U.S. Rep. Steve Cohen, the Memphis Democrat who has pushed marijuana decriminalization and other types of criminal-justice reform in the U.S. House, agreed.

In a letter supporting the Memphis ordinance, he wrote it "would keep young people in the city, disproportionately African-Americans, from being subject to convictions that can affect their future or current employment and create a barrier to scholarship and housing opportunities."

Memphis City Council member Berlin Boyd, who is black, sponsored the ordinance after watching the positive response it received in Nashville.

The Nashville ordinance was gradual, coming a year after a failed attempt to hold a public referendum on the issue.

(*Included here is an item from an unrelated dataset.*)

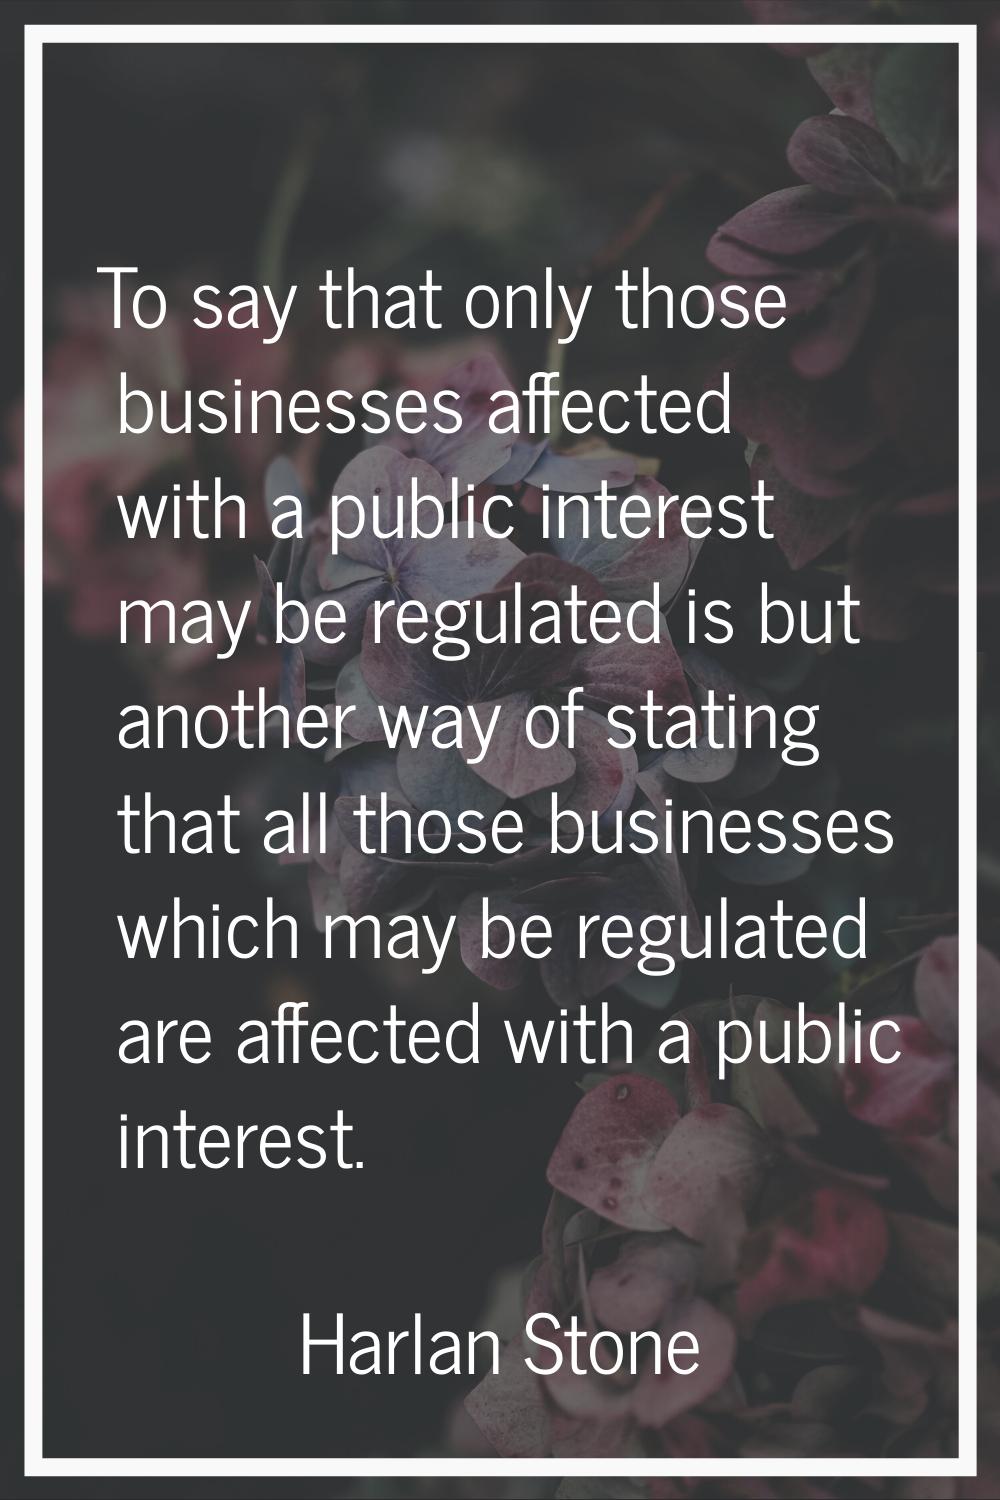 To say that only those businesses affected with a public interest may be regulated is but another w

Nashville Metro Councilman Russ Pulley, a former police officer and FBI agent, said the goal is not to take it easy on offenders who are arrested for more serious crimes or who have a violent criminal past.

"In no way, shape or form would this inhibit the police to conduct those types of investigations ... and take guns off the street," said Pulley, who is co-sponsoring the Nashville ordinance.

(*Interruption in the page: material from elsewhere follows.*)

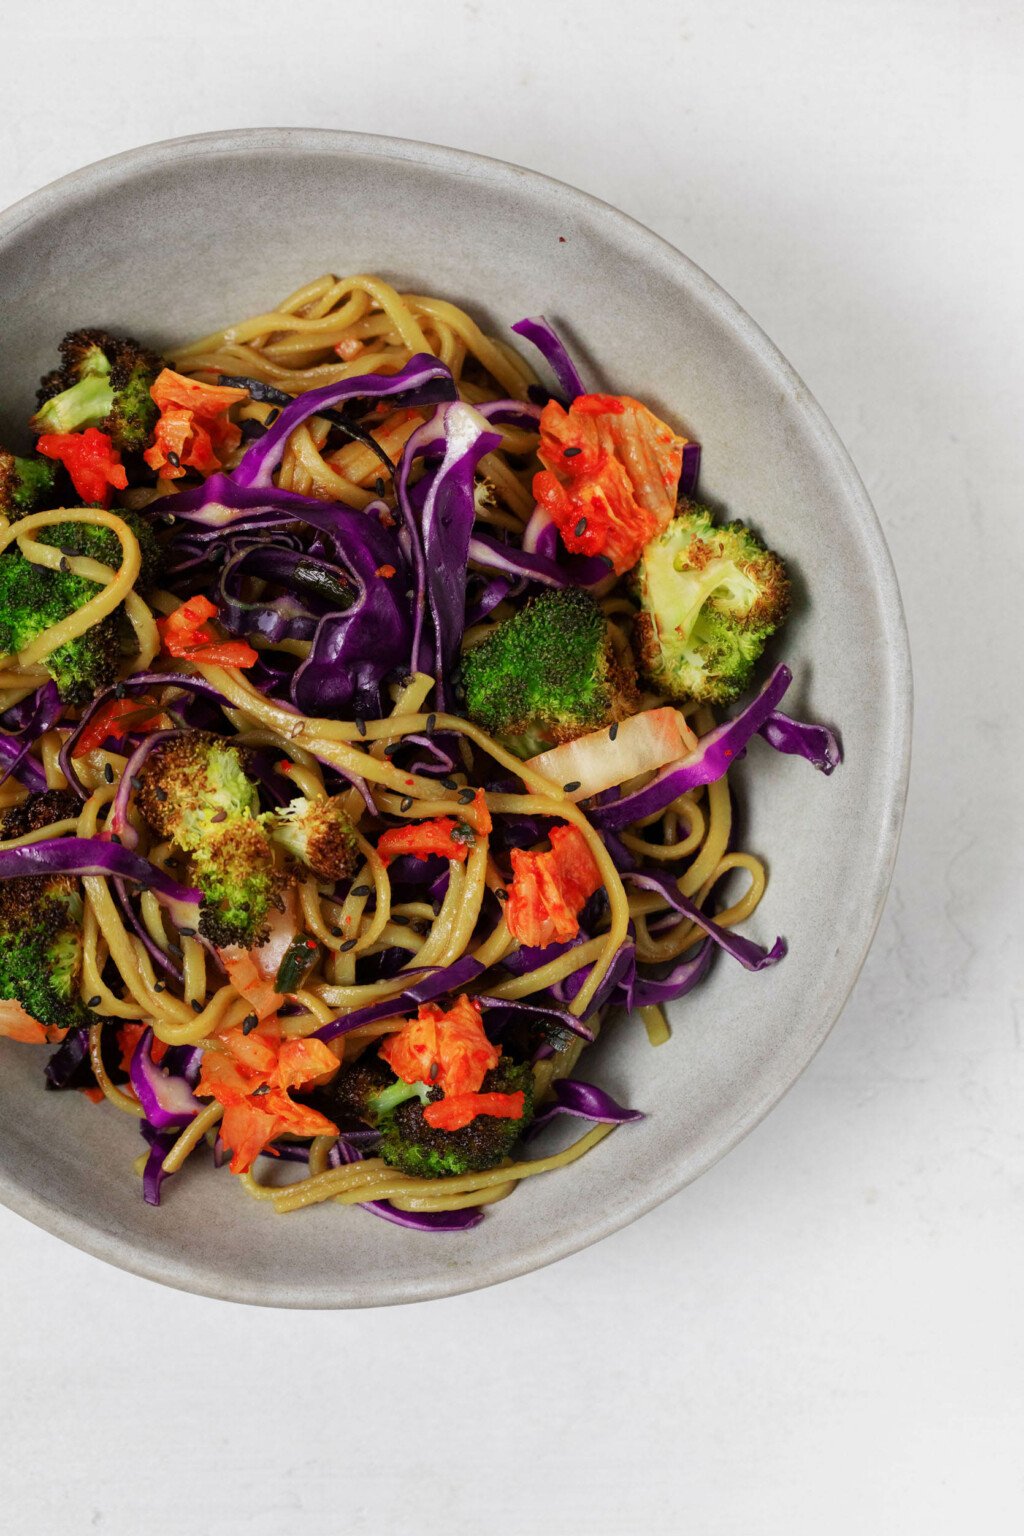 An overhead image of a bright, colorful mix of noodles, roasted broccoli, and crunchy red cabbage, all plated in a gray ceramic bowl.

Neither city has seen a groundswell of opponents, but there has been some pushback. Gov. Bill Haslam told reporters in late August he is "not a fan" of the ordinances.

"While I do think we've had some people who have spent more time in jail than they need to for that, I'm not in favor of decriminalizing that," he said.

Some state lawmakers have questioned whether the ordinances and their reduced punishments conflict with the stiffer penalties required by state law.